'''

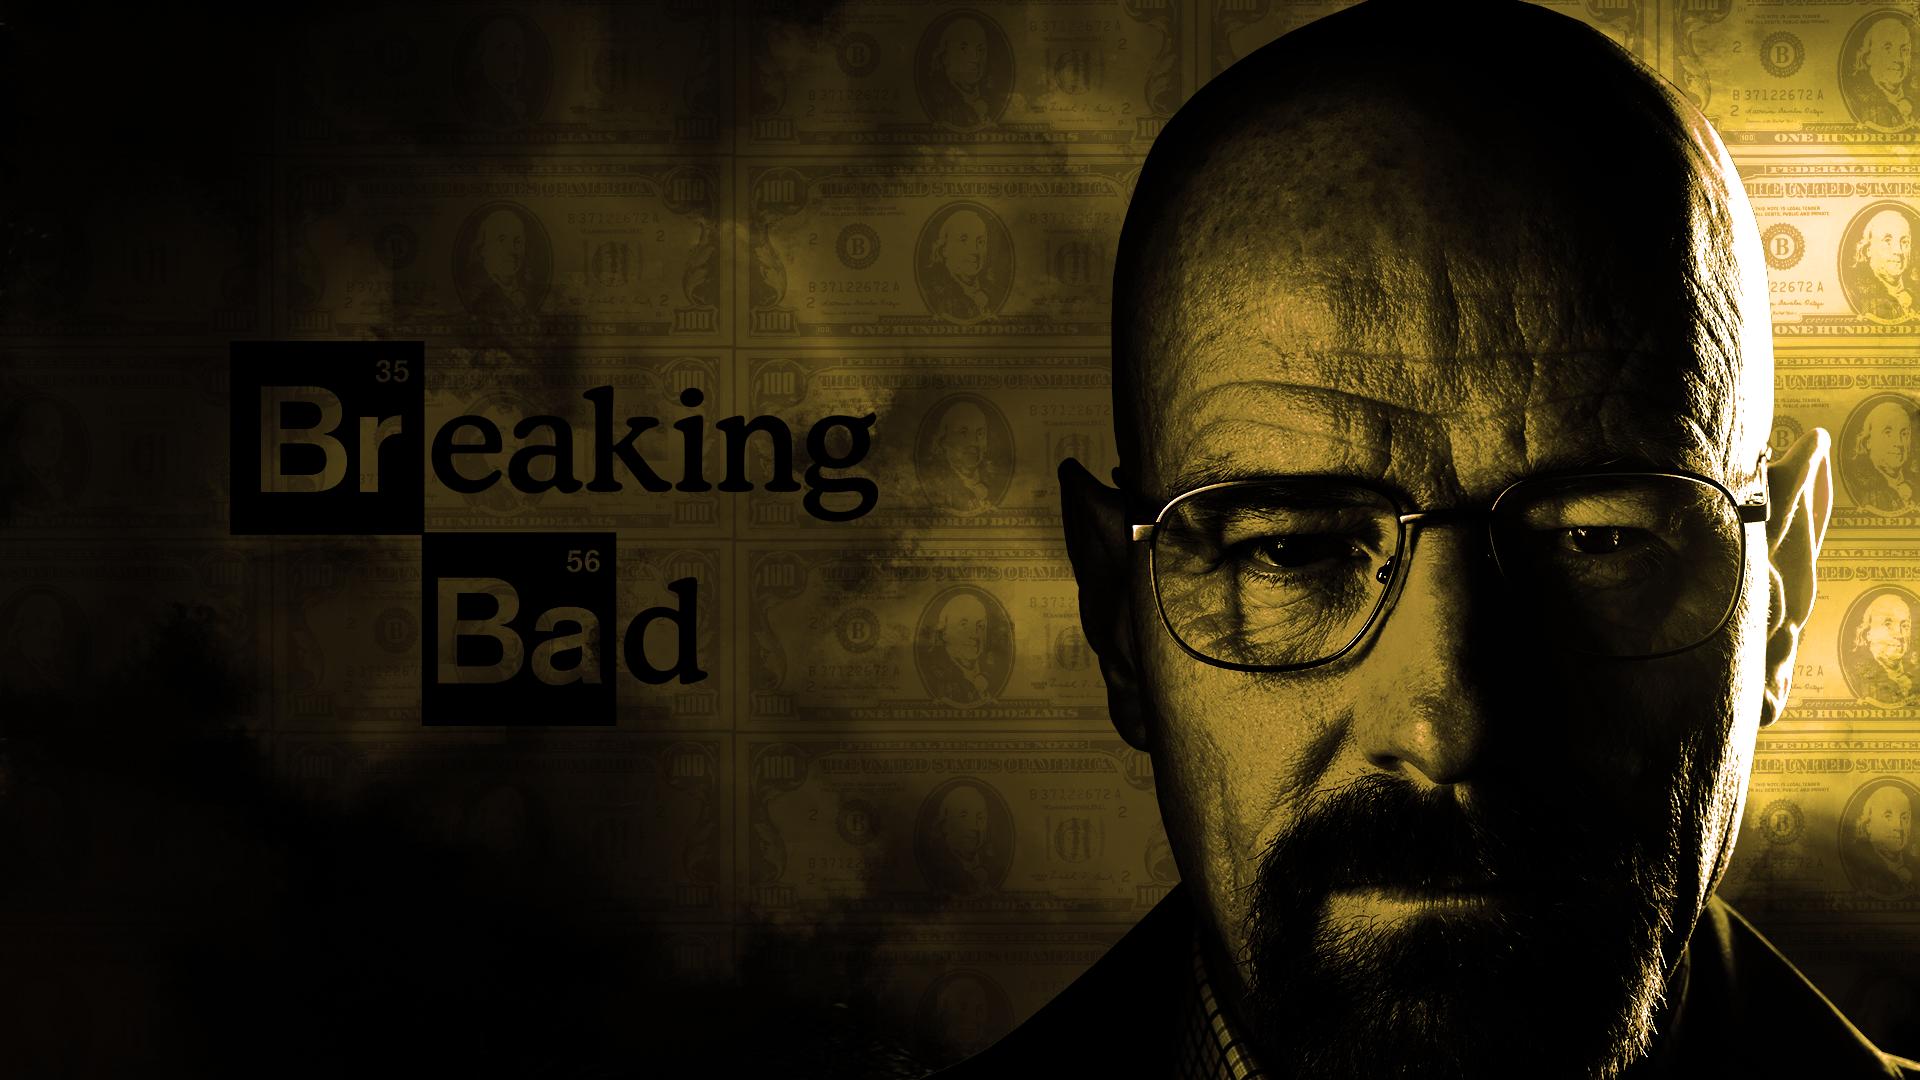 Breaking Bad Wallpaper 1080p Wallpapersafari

'''
'''

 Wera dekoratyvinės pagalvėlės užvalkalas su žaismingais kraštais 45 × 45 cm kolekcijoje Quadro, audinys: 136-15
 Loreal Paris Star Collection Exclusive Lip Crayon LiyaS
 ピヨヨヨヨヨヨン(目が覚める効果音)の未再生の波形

'''

* [PROBLEM DETAILS] Using the entries above, give back exactly the line containing "Loreal Paris Star", the line containing "ピヨヨヨヨヨヨン(目が覚める効果音)の未再生の波形", and every line between them, and nothing else.

* [RESPONSE TO THIS TASK]
 Loreal Paris Star Collection Exclusive Lip Crayon LiyaS
 ピヨヨヨヨヨヨン(目が覚める効果音)の未再生の波形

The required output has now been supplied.